# Your goal:
What is needed is an exact transcription of the listing, with the images removed.

# Given information:
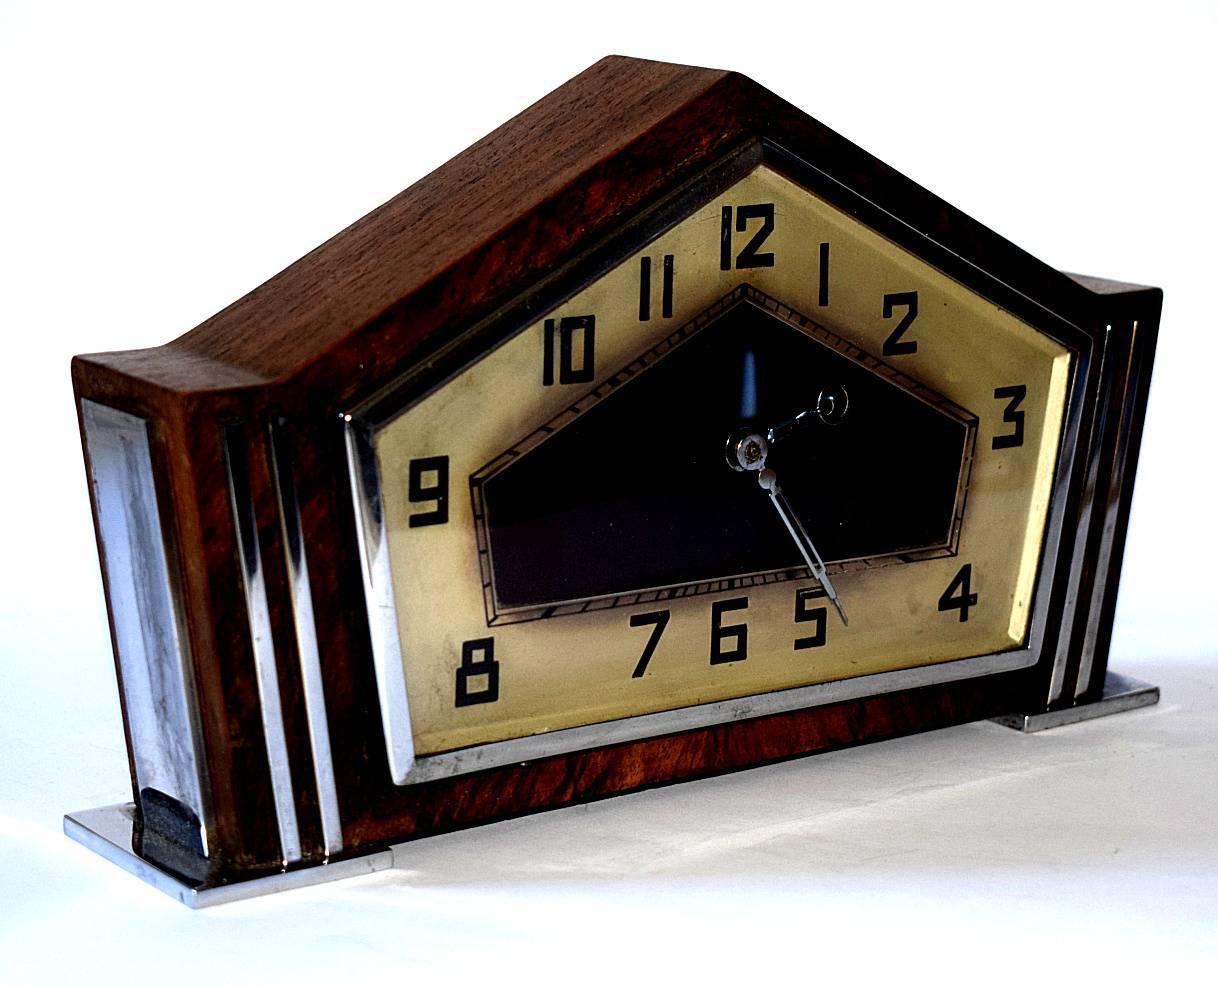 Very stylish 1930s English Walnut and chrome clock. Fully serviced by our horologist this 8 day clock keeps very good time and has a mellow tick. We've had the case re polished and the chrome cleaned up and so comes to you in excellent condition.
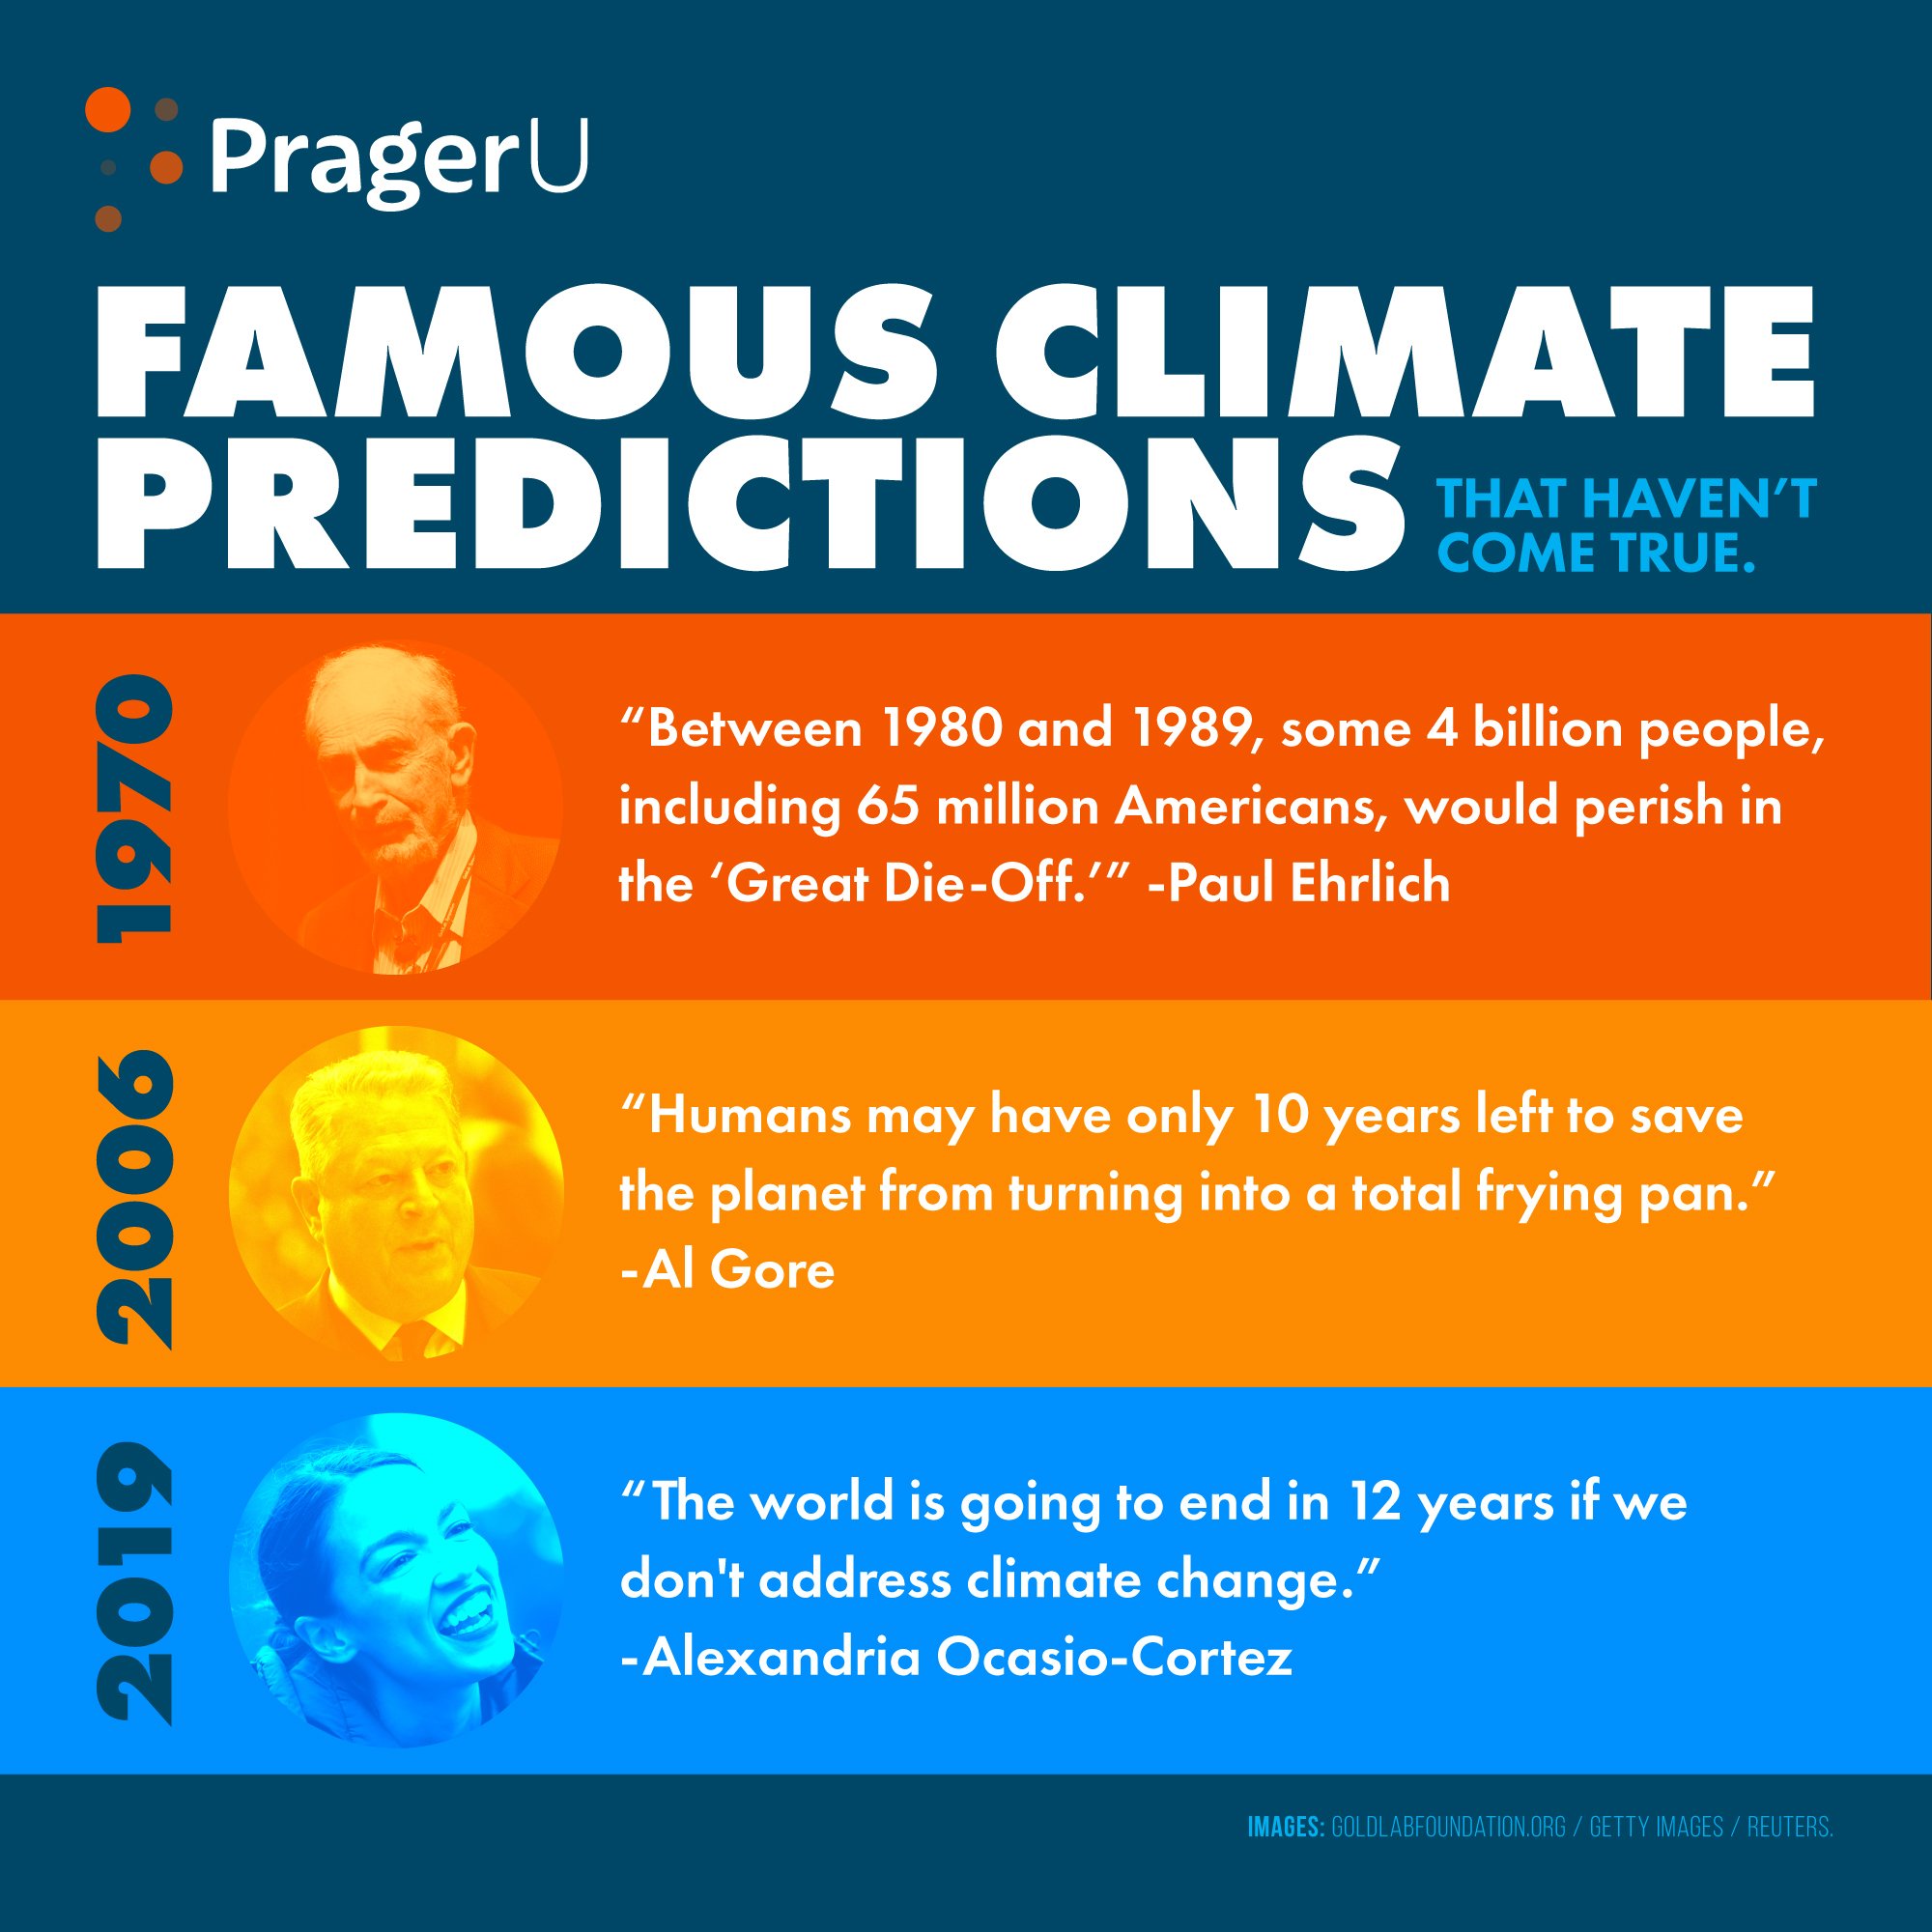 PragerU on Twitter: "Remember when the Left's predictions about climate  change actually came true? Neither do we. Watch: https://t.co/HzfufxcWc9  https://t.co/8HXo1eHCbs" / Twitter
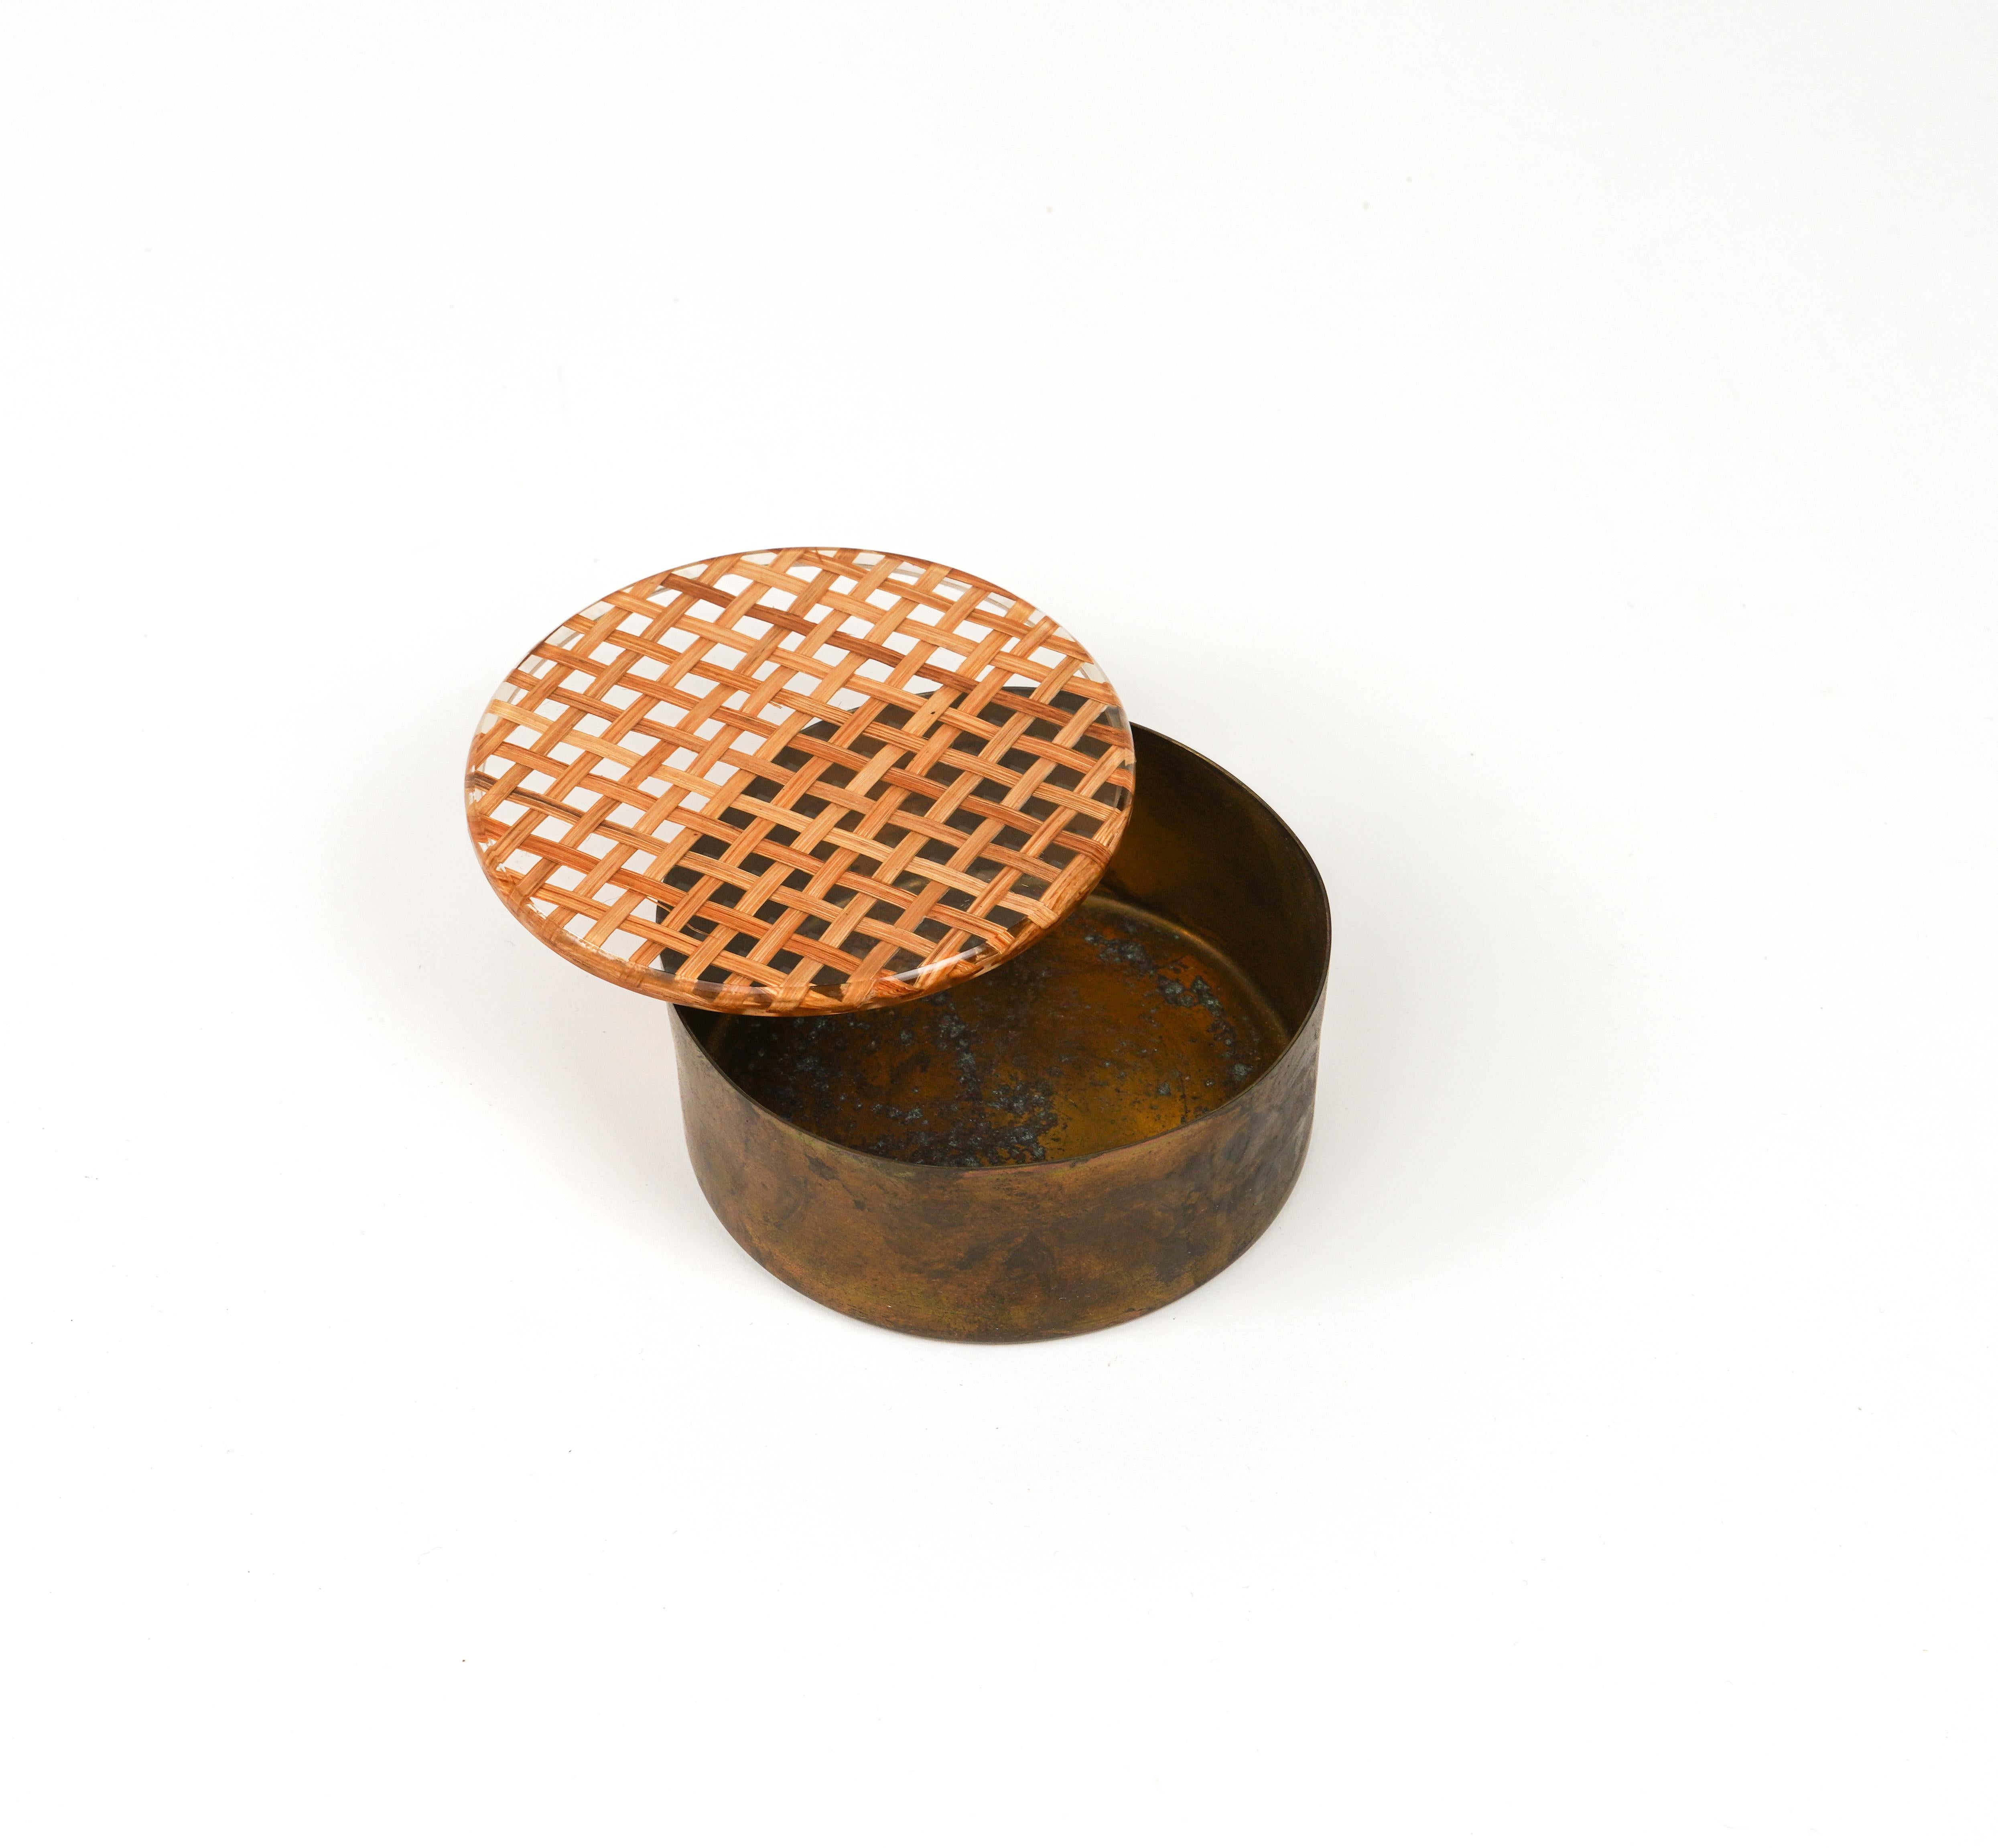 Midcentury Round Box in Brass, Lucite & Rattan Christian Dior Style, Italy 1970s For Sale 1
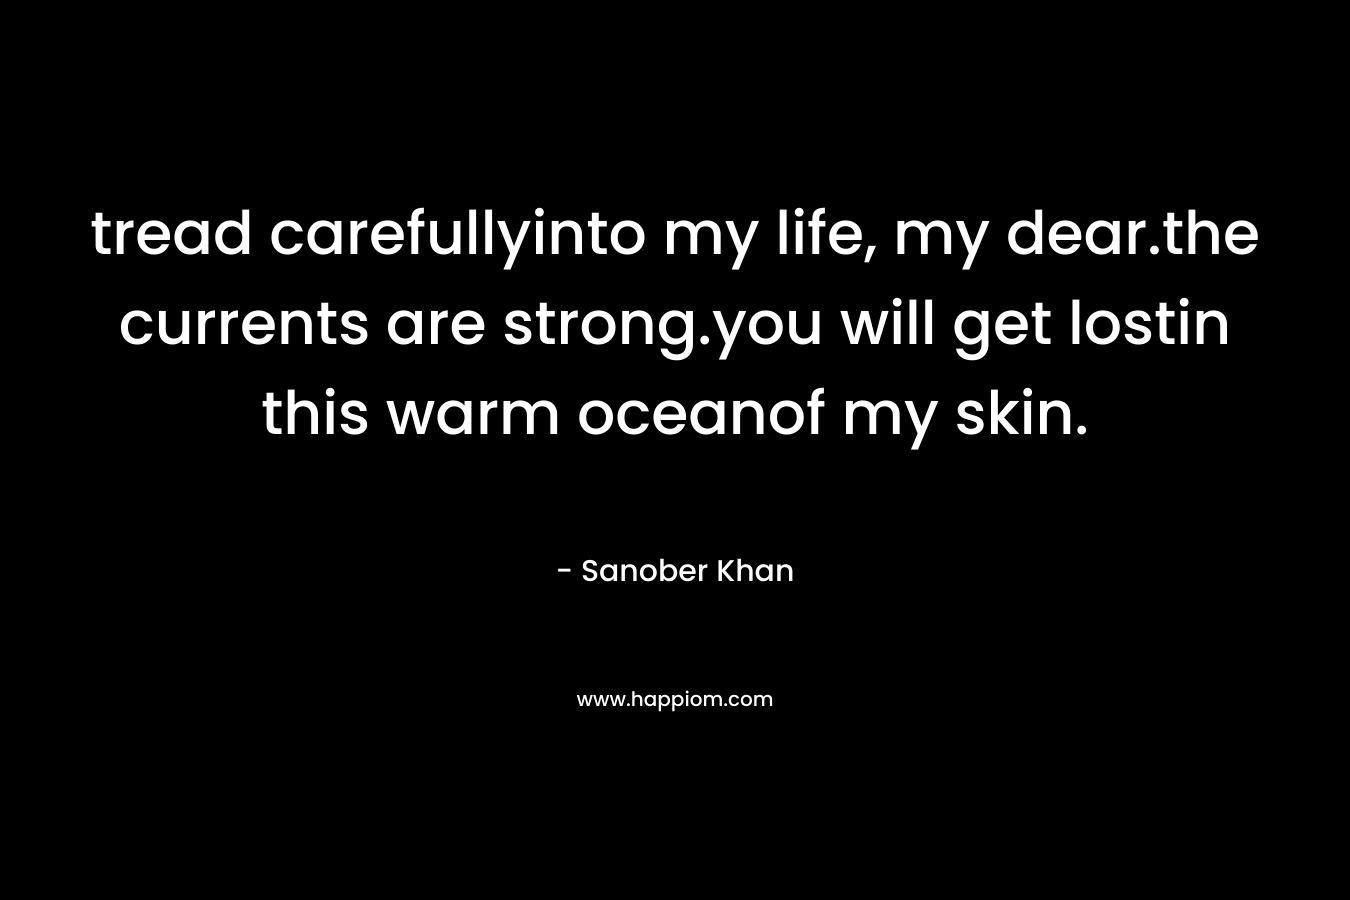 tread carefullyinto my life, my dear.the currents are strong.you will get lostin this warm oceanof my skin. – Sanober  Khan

# Solution to this task:
 Very stylish 1930s English Walnut and chrome clock. Fully serviced by our horologist this 8 day clock keeps very good time and has a mellow tick. We've had the case re polished and the chrome cleaned up and so comes to you in excellent condition.
 PragerU on Twitter: "Remember when the Left's predictions about climate  change actually came true? Neither do we. Watch: https://t.co/HzfufxcWc9  https://t.co/8HXo1eHCbs" / Twitter
 Midcentury Round Box in Brass, Lucite & Rattan Christian Dior Style, Italy 1970s For Sale 1
 tread carefullyinto my life, my dear.the currents are strong.you will get lostin this warm oceanof my skin. – Sanober  Khan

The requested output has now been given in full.